In July Brussels slashed its growth forecasts for the EU economy, warning that longer than anticipated coronavirus lockdowns in many countries would cause a “significantly” deeper recession this year than it had previously predicted. 

The commission also lowered its forecast for a potential economic rebound in 2021, estimating growth of 5.8 per cent next year, down from a previous forecast of 6.1 per cent.

Mr Dombrovskis noted that those forecasts were based on a scenario in which there was no major resurgence of Covid-19. But since then there has been a fresh uptick of coronavirus cases in a number of EU countries including Spain, Germany and Belgium. 

“The current situation is relatively uncertain . . . we will need to see how the epidemiological situation develops,” he said. 

Mr Dombrovskis also noted that the EU was in process of reviewing how the budget rules are enforced — an exercise delayed by the pandemic. While the rules are based around the core requirements for budget deficits to be smaller than 3 per cent of gross domestic product and public debt to be lower than 60 per cent of GDP, these basic tenets are surrounded by an evolving web of other requirements intended to ensure sound public finances.

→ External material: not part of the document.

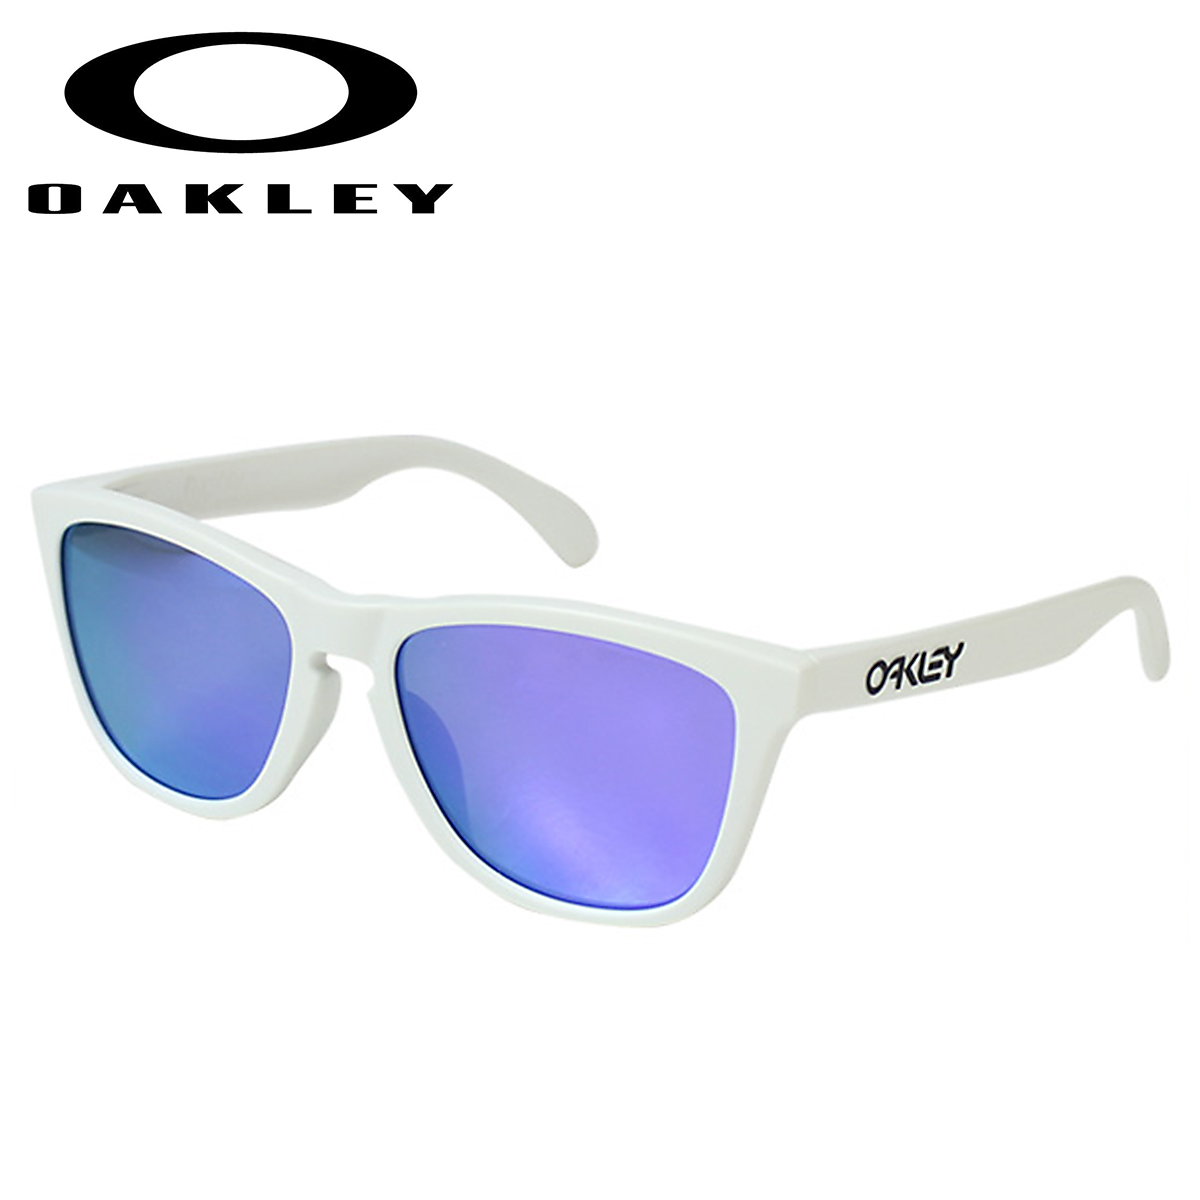 Men Ann Dis Fitting Mackerel Oo9245 Fit Horse Mat Frogskins 17 White Oakley Asian Frog Skin Sunglasses Gap oerCxBQdW

The European Commission’s guidebook on how to apply the rules runs to 108 pages. 

Mr Dombrovskis said that a particular focal point of the review, launched in February, would be how to reduce reliance on metrics measuring the output gap between an economy’s performance and its potential, and its structural balance, a metric that tries to strip out the effects of the economic cycle when measuring a country’s deficit. 

The commissioner said that there “seems to be consensus emerging” to move away from both measures on the grounds that they are overly complex, volatile and difficult to apply in a crisis.

“So there is a scope for a simplification,” he said, noting that the European Fiscal Board, a group of experts tasked with monitoring the implementation of the rules, had already recommended the changes. 

Another area being studied by the commission is the introduction of a limited golden rule that would exclude some specific growth-enhancing expenditure from assessments of whether countries are respecting agreed spending limits.